**SUPPLIED DATA**:
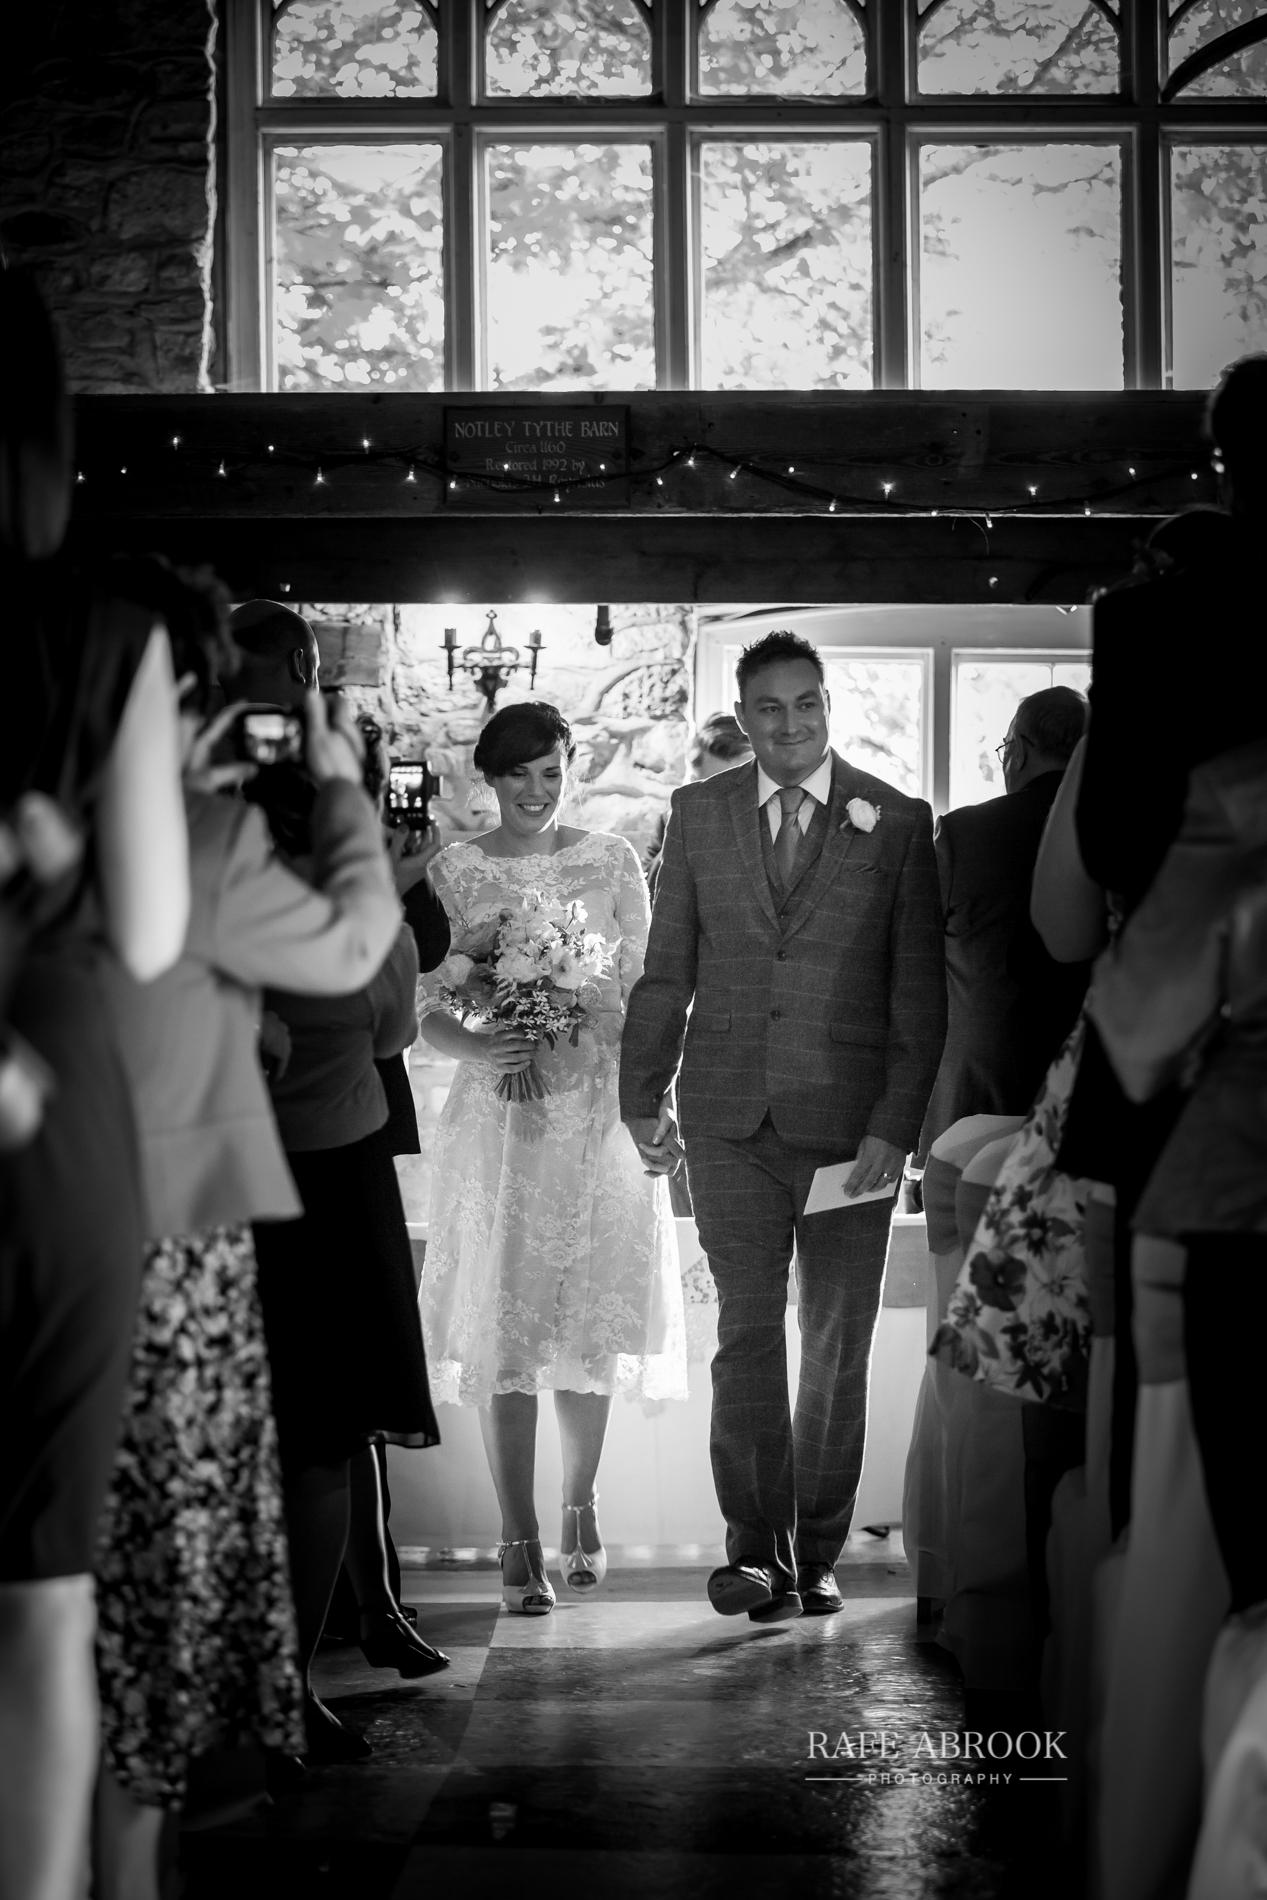 jon & laura wedding notley tythe barn wedding buckinghamshire-1214.jpg
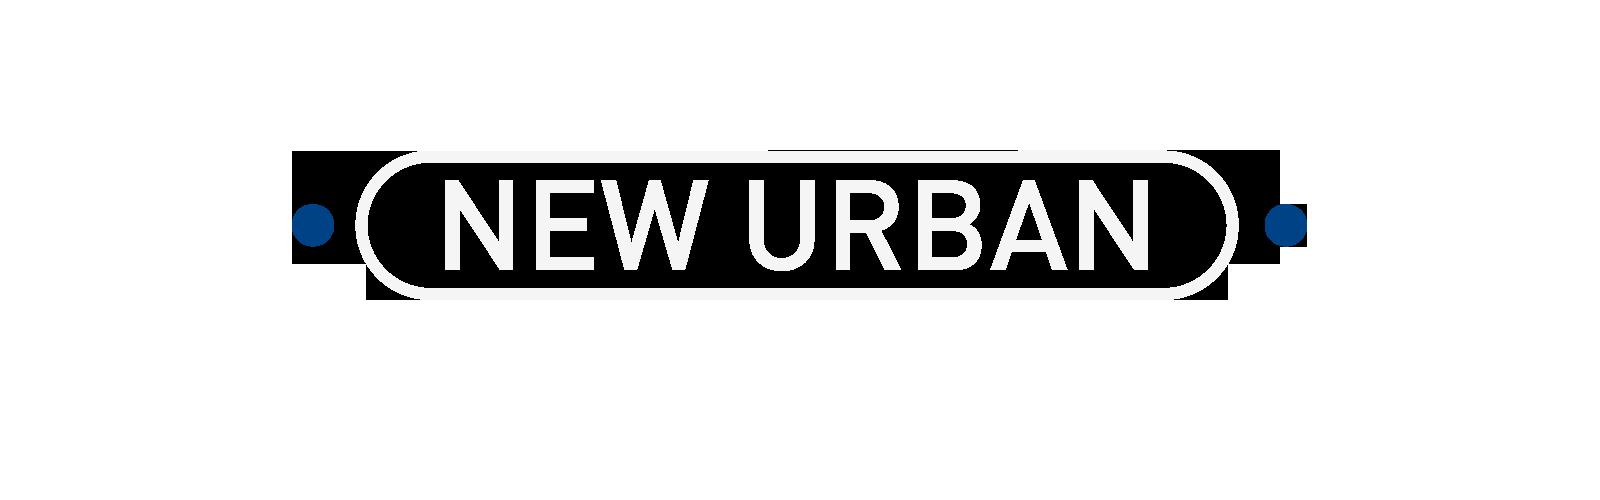 New Urban
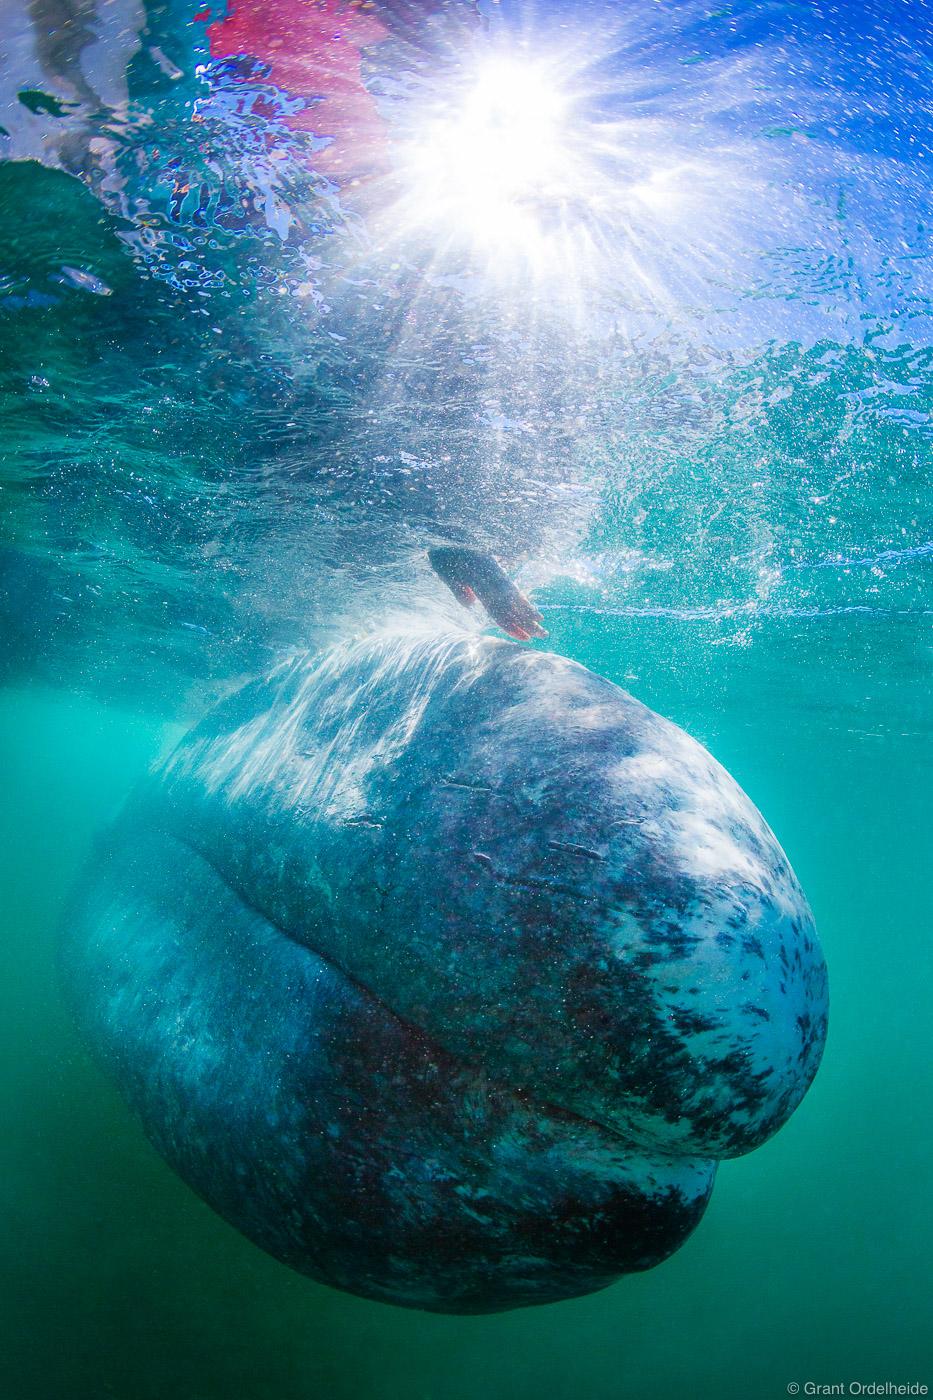 whale, touch, reaches, pet, curious, friendly, gray, whale, eschrichtius robustus, mexico, san ignacio, lagoon, baja, california, sur, photo

**TASK OBJECTIVE**:
Everything in the listing must be copied exactly except the pictures.

**RESPONSE AREA**:
 jon & laura wedding notley tythe barn wedding buckinghamshire-1214.jpg
 New Urban
 whale, touch, reaches, pet, curious, friendly, gray, whale, eschrichtius robustus, mexico, san ignacio, lagoon, baja, california, sur, photo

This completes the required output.